Sabbath is for Everyone

The other day I was in a conversation about Sabbath, the commandment of God that one day each week should be set aside to be free from work. We live in a pluralistic world, so the conversation went, and we cannot really expect people to set a whole day aside for rest. Sabbath, the conversation continued, is really about attitudes. In fact there’s no prescription about what constitutes sabbath rest-whatever feels restful is good enough. 

We roundly agreed that today’s sabbath happens wherever we are, whenever we want and that it would be unfair for Christians to expect non-believers to adhere to sabbath practices.

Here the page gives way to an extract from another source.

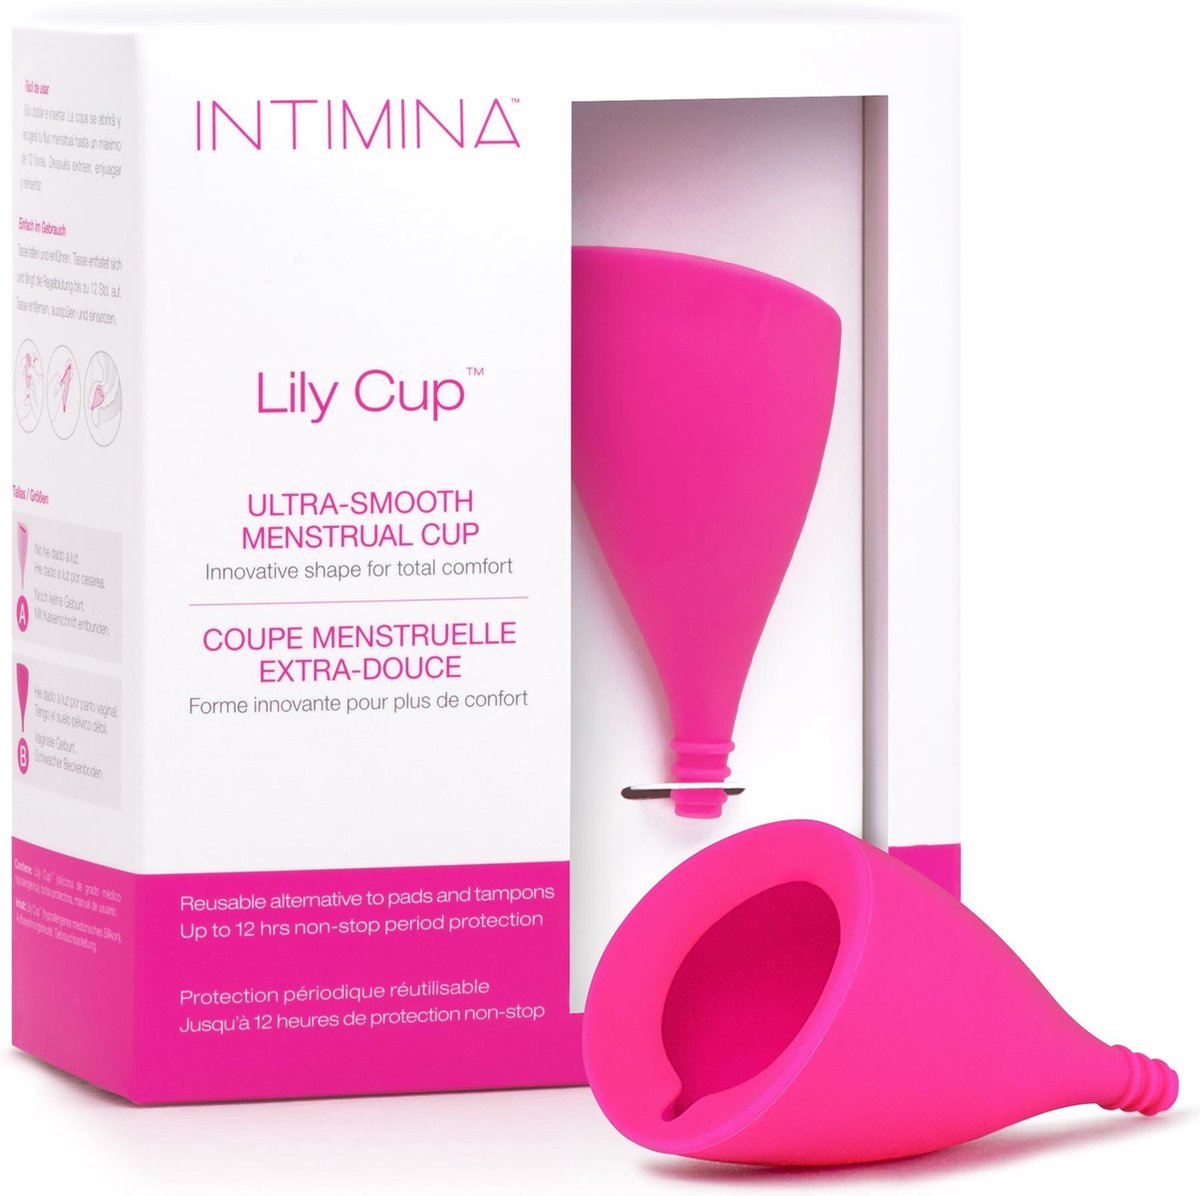 Intimina - Lily Cup maat B - dunne menstruatiecup, vrouwelijke cup, tot 8 uur te gebruiken - Intimina

The sabbath as set forth in scripture and widely interpreted by Jewish and Christian tradition is a unique expression of God’s grace in space and time. The Christian’s obedience to it is a testimony and sign which depends not on their performance or feeling, but on the the total lack of it. In fact one cannot aim to practice the sabbath and fail. I suppose rest isn’t particularly something which exists under the category of achievement, since then it ceases to be rest.

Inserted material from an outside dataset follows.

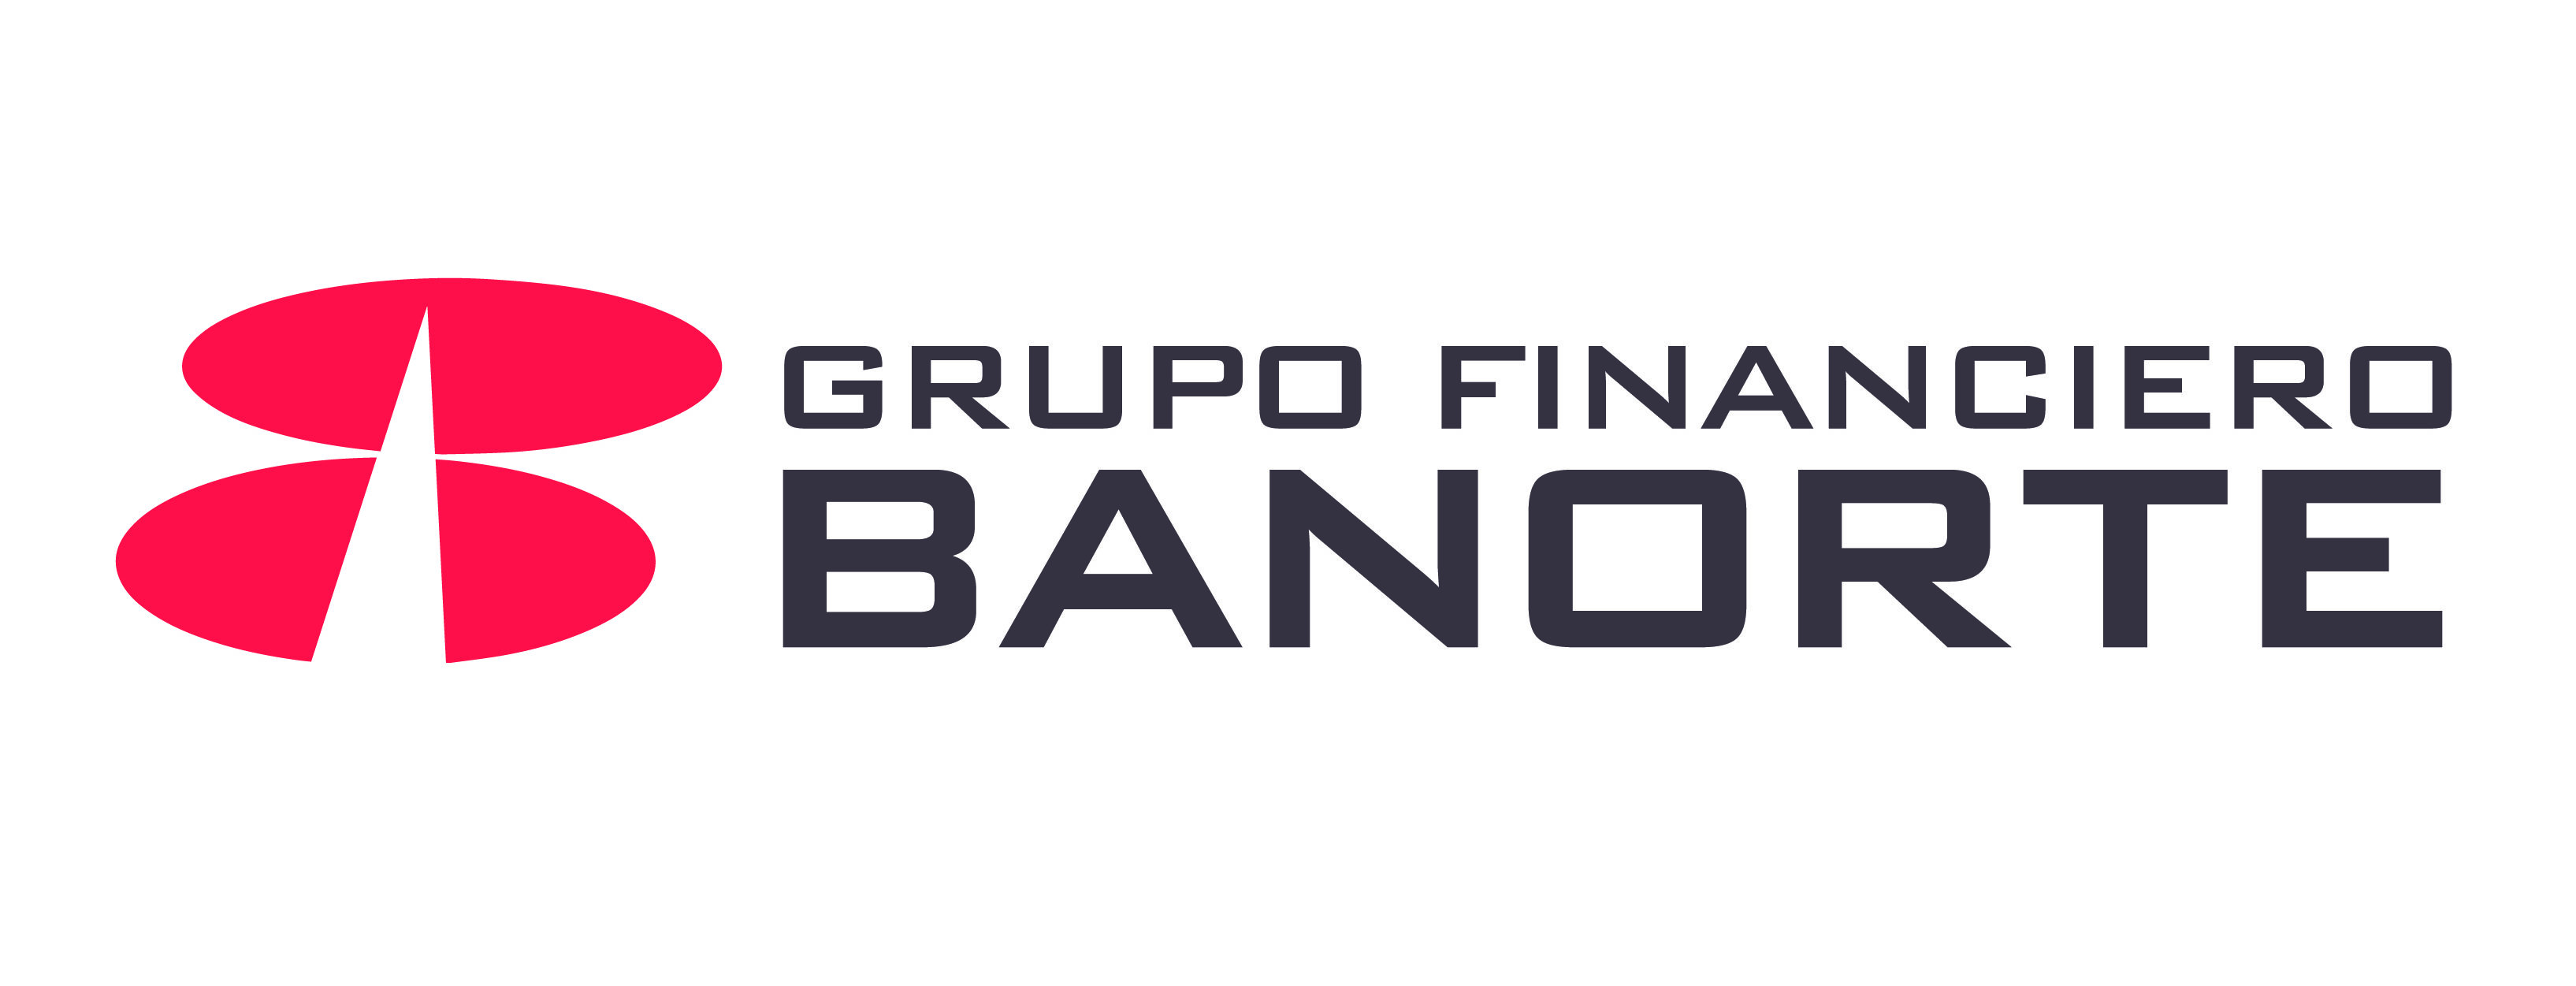 Grupo Financiero Banorte, S.A.B. De C.V.

The practice of sabbath exists then as a simple discipline which is a sign to the watching world that there is a people on this earth who fear God and obey his commandment. It is also a challenge to the Christian reminding them that their faith intrudes upon not only their imagination and intellect, but that God claims their minutes and hours. The wonder of this divine command is that it is a gift and joy to obey.

I sympathise with the struggle it can be to live by the inconvenient commandments. We are an intellectual people, loving to live by neat ideas. We are a passionate people, following the thrills of love and fellowship to perform wonderful works in the world. Yet we are also beings of flesh, existing in space and time. Sabbath is how we who have been baptised remind ourselves and the world that there is far more to the life we have promised to live, than what we feel or think inside.

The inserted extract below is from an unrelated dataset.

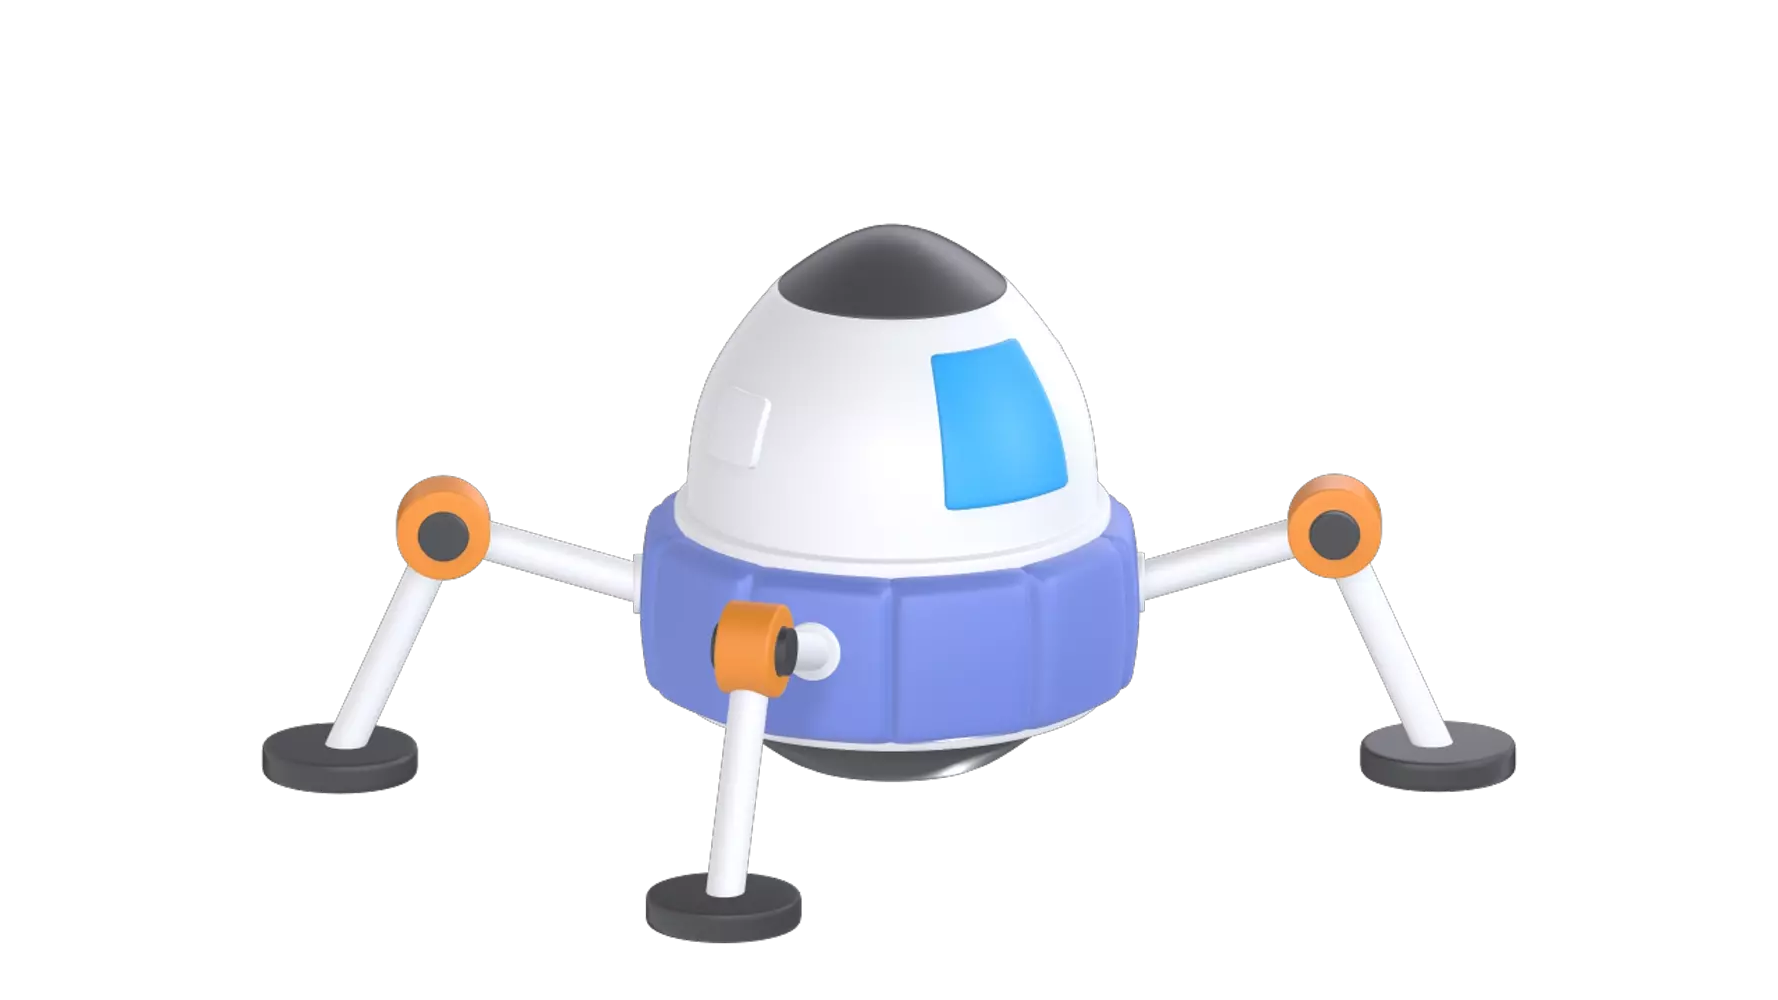 Space Robot 3d model--0124085a-4f40-403c-8f94-d0af33dae038

Sabbath, like tithing, attending public prayers, and partaking of Holy Communion is how the promises of our faith enter the third dimension. Sabbath is the declaration that our time is always time in obedience to God. And this is a wonderful gift, which we need do nothing to receive.

Perhaps if we learn to do, in time and space, these most simple of acts of obedience, who can tell what other kinds of brave acts of obedience those of younger eyes might be inspired toward? Perhaps its generations of quiet obedience which raises up those saints who they tell the stories about. 

A Collect for Saturdays

Almighty God, who after the creation of the world rested from all your works and sanctified a day of rest for all your creatures: Grant that we, putting away all earthly anxieties, may be duly prepared for the service of your sanctuary, and that our rest here upon earth may be a preparation for the eternal rest promised to your people in heaven; through Jesus Christ our Lord. Amen.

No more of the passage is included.